=== Begin Enclosure ===

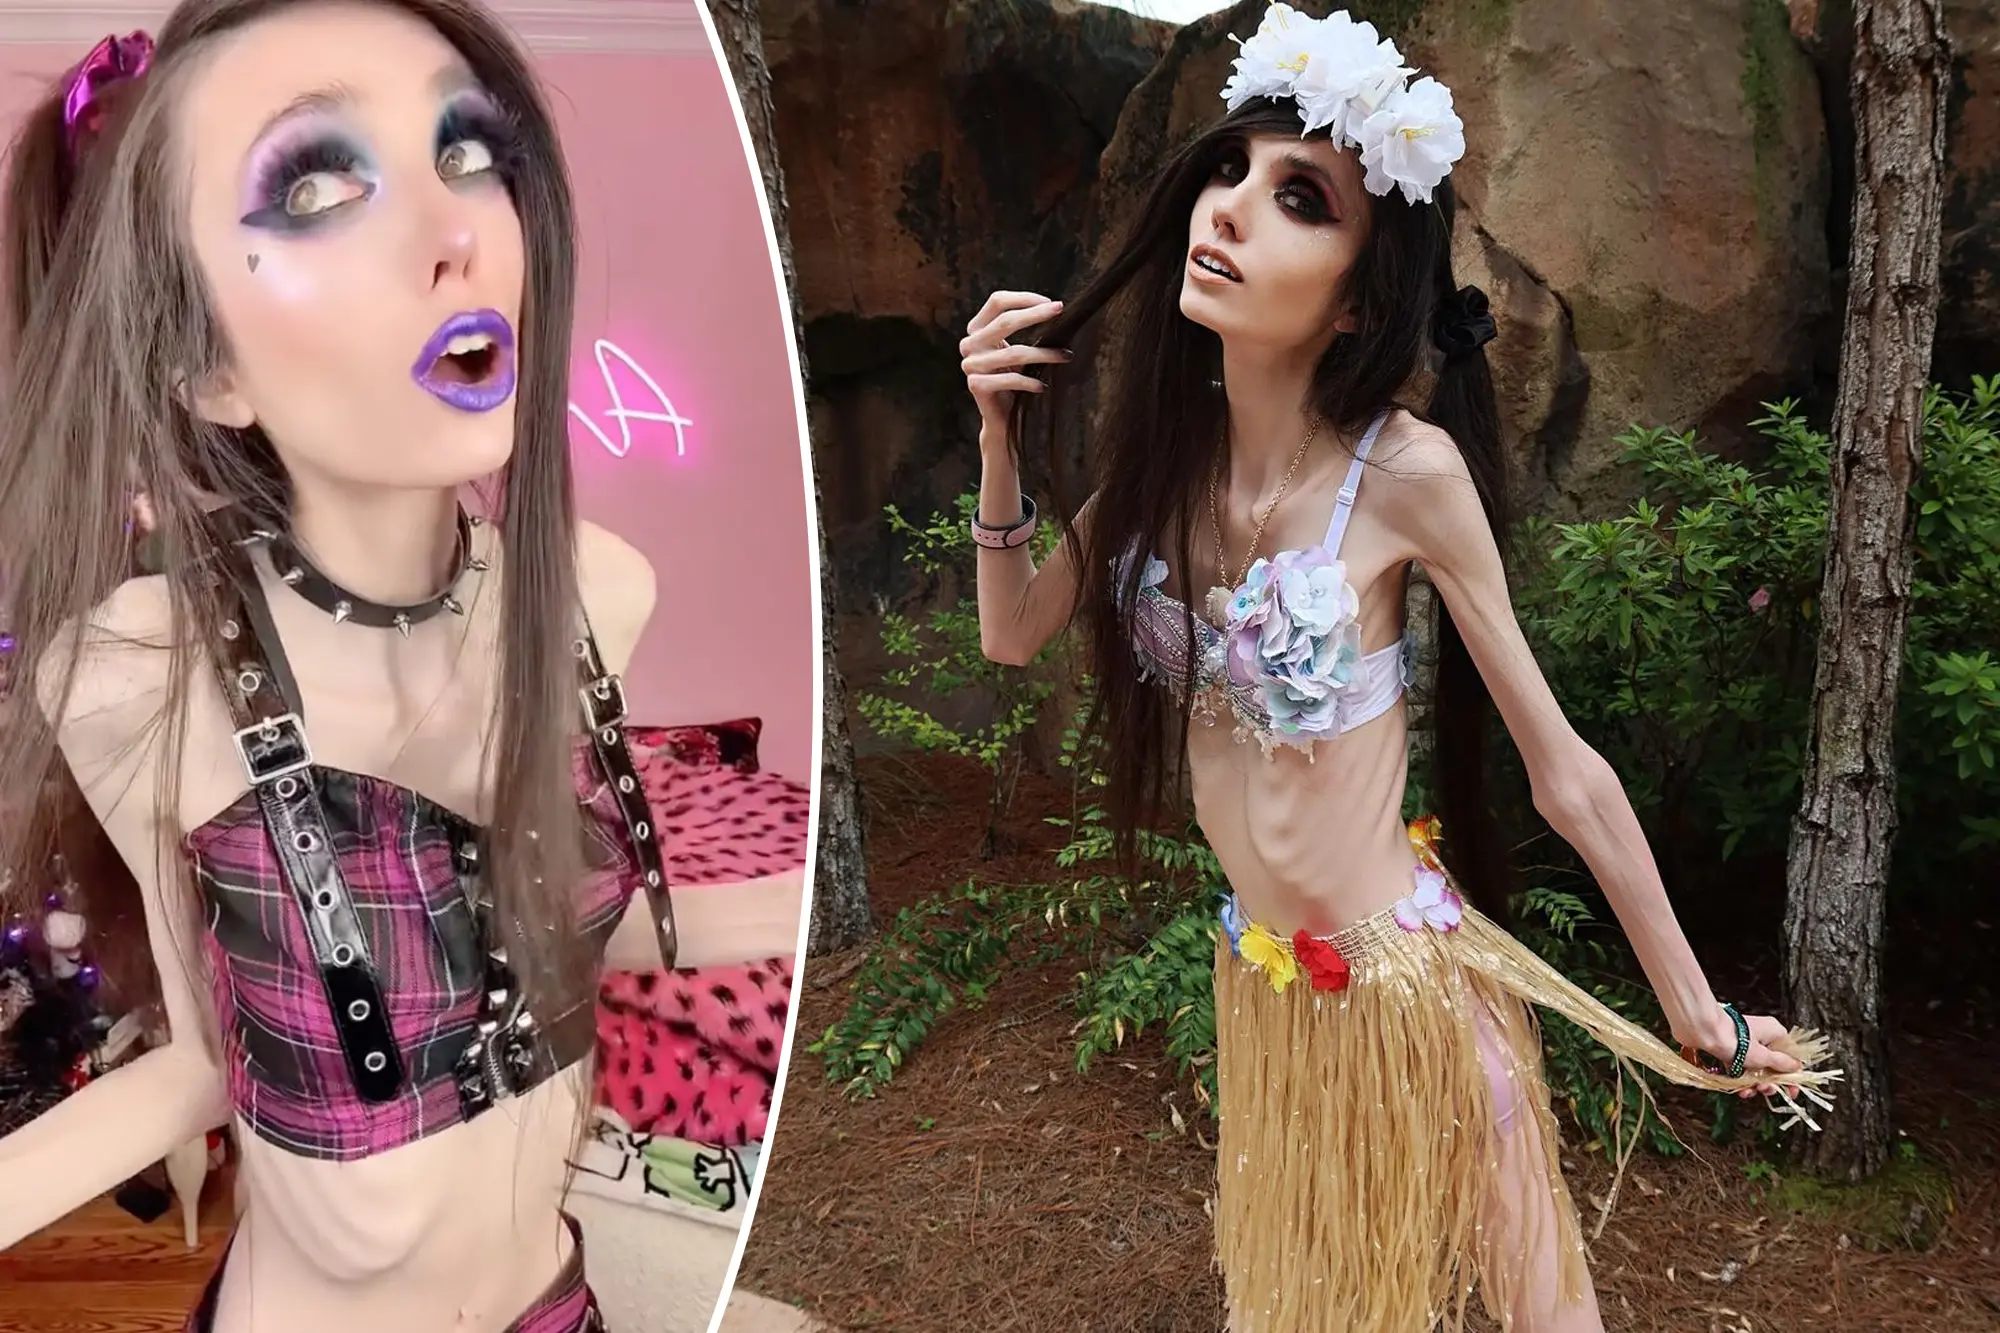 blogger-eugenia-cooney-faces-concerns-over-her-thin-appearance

=== End Enclosure ===
=== Begin Enclosure ===

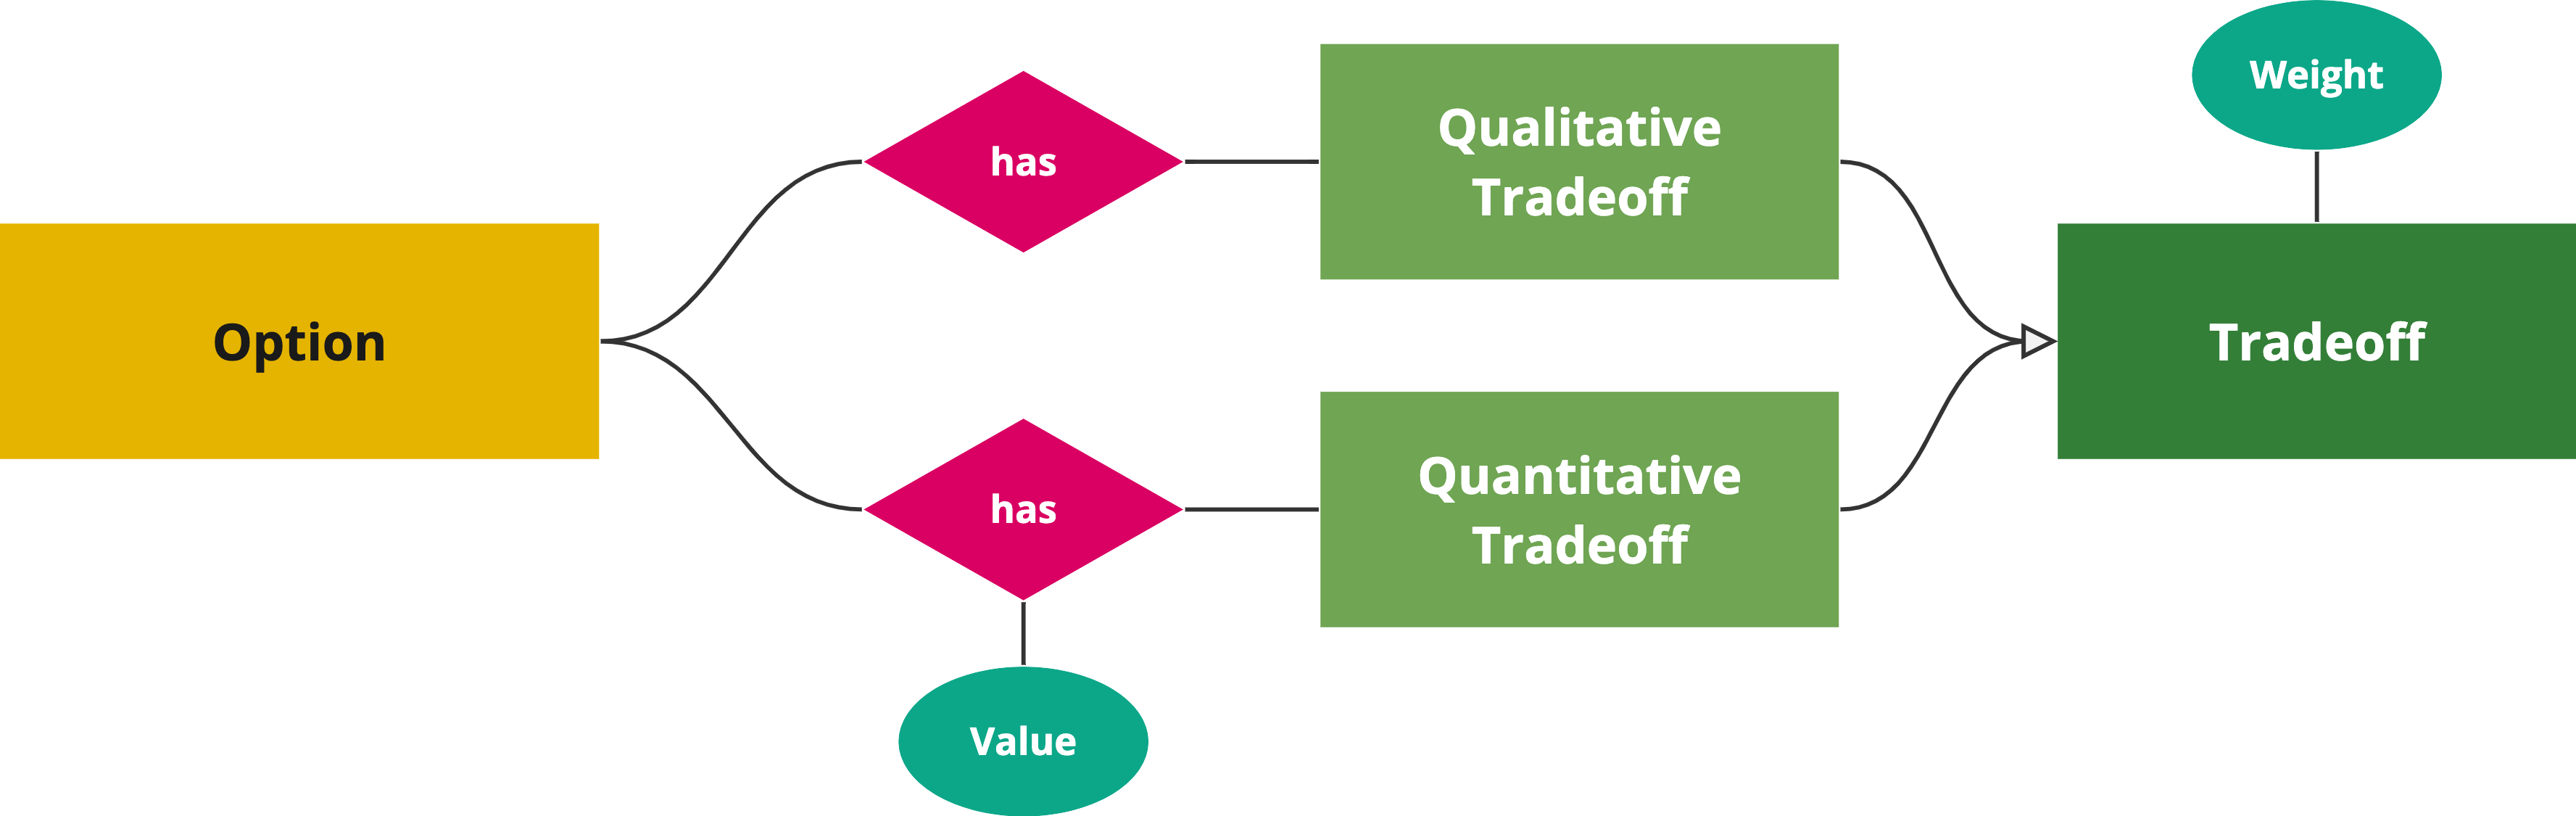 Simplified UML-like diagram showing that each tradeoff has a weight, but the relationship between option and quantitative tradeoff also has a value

=== End Enclosure ===
=== Begin Enclosure ===

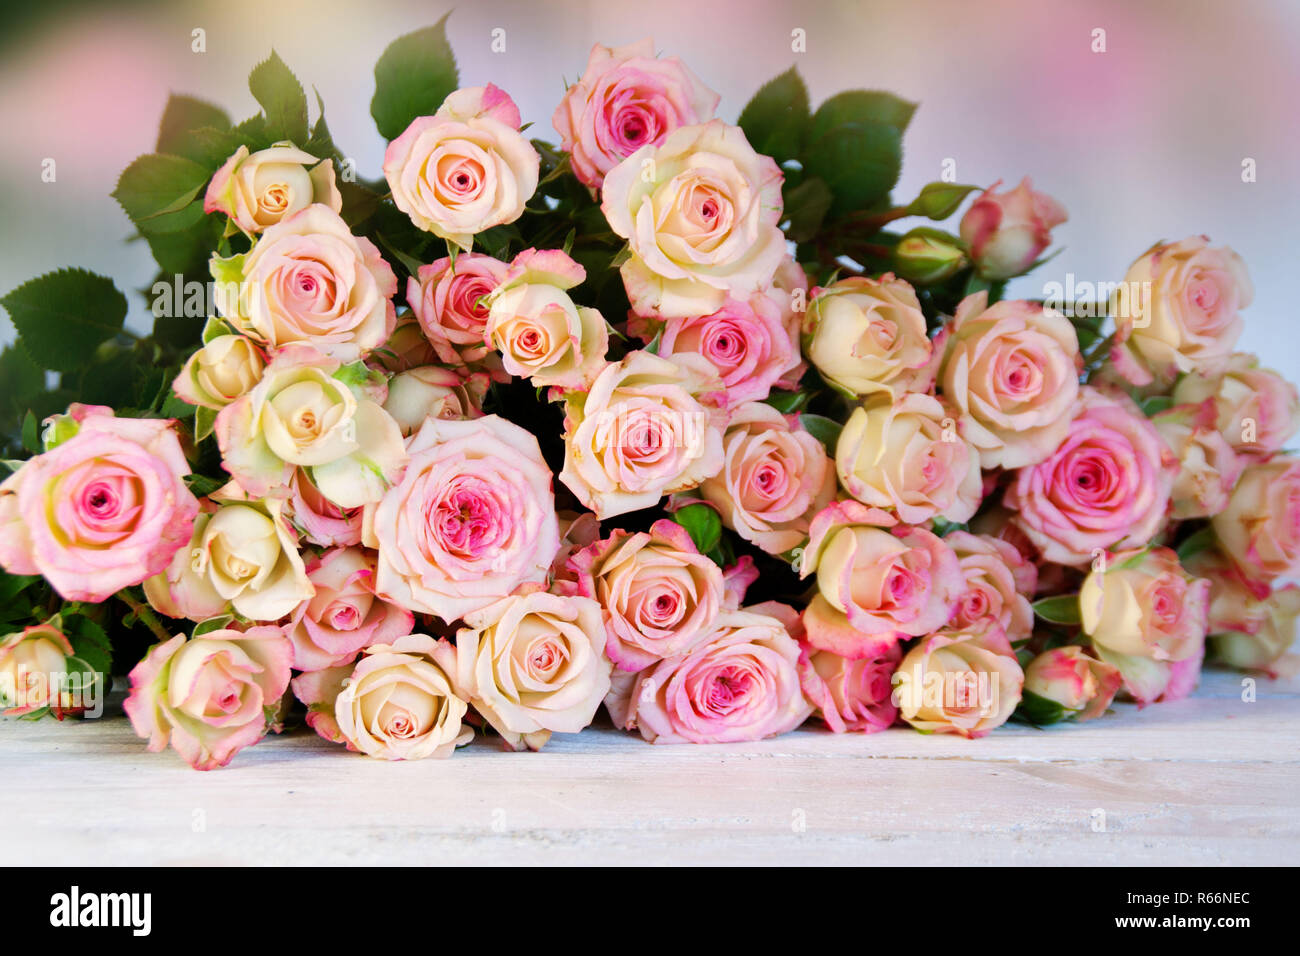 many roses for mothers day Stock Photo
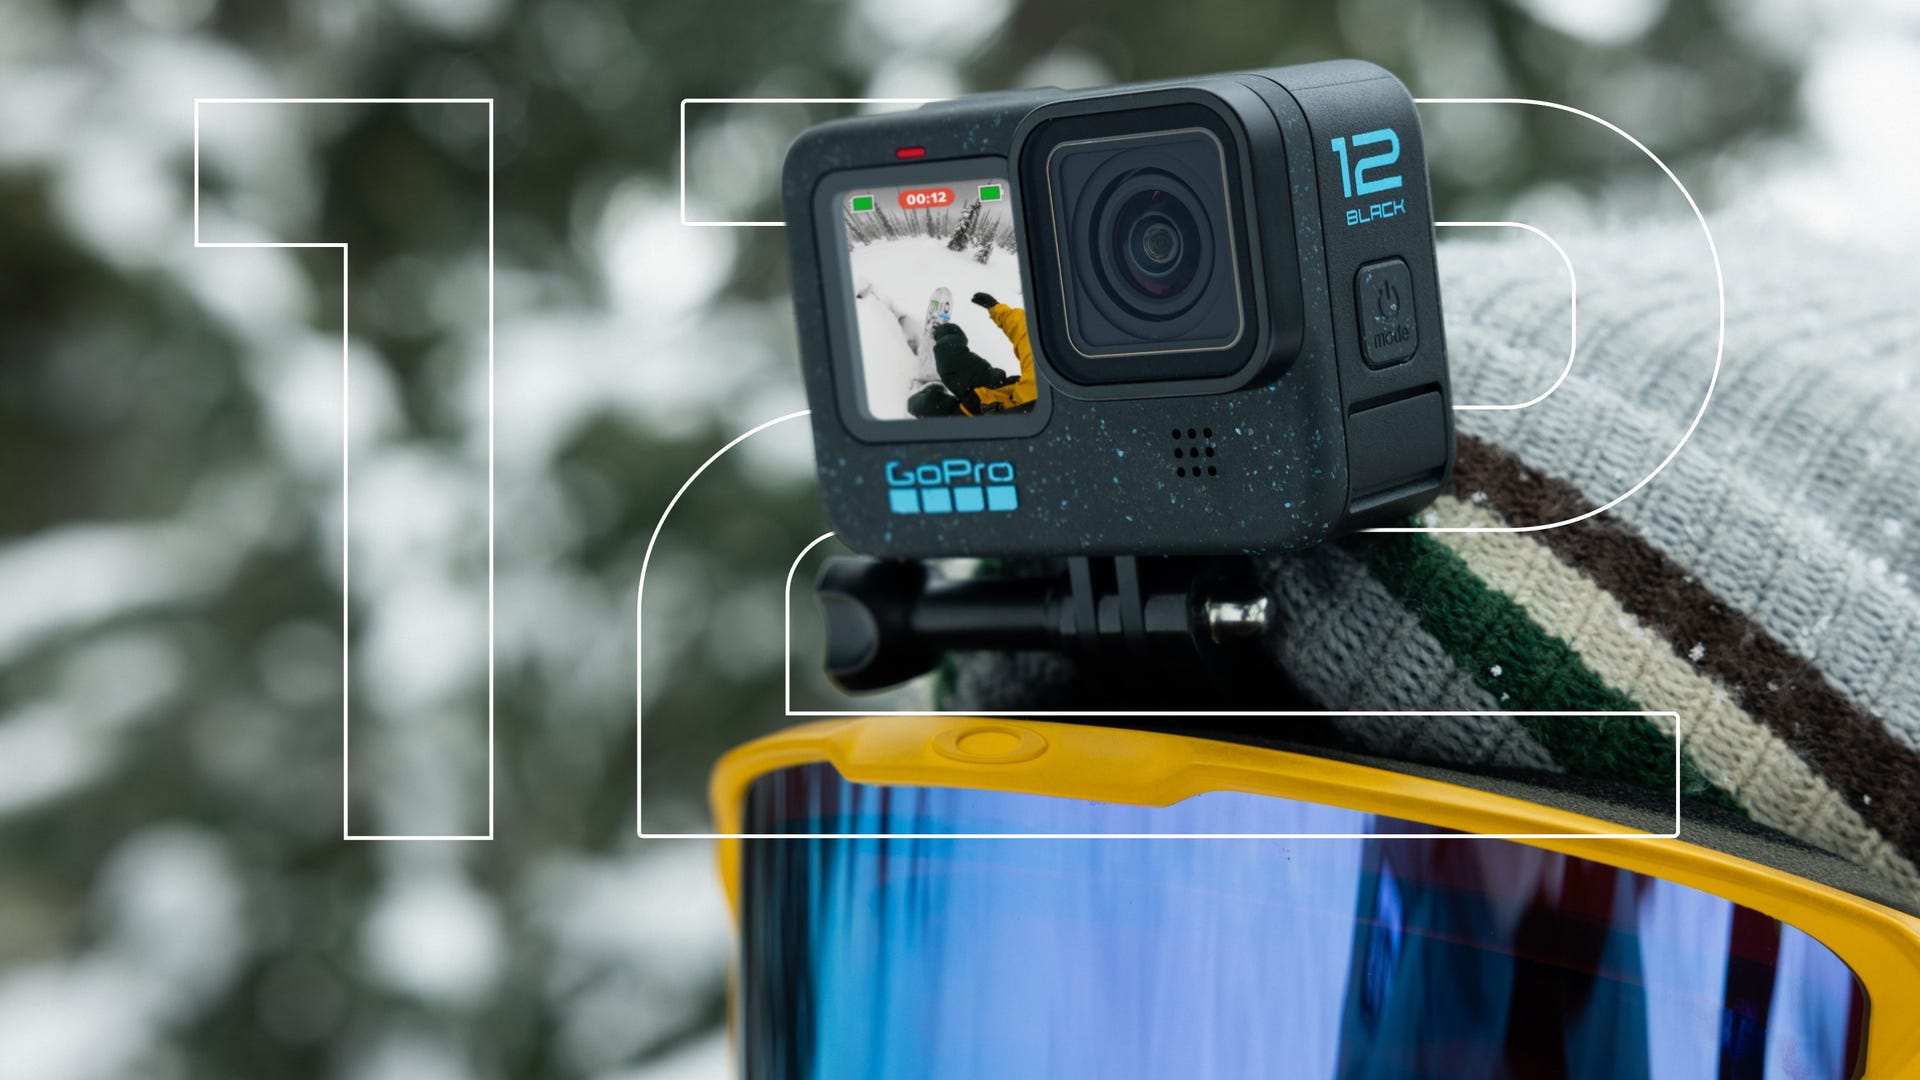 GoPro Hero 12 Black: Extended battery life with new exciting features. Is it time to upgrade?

=== End Enclosure ===

• Description of the task:
Working from the entries above, please transcribe only the lines from the line with "many roses for mothers day Stock Photo" through the line with "GoPro Hero 12", exactly, with both end lines and without pictures.

• Task output:
 many roses for mothers day Stock Photo
 GoPro Hero 12 Black: Extended battery life with new exciting features. Is it time to upgrade?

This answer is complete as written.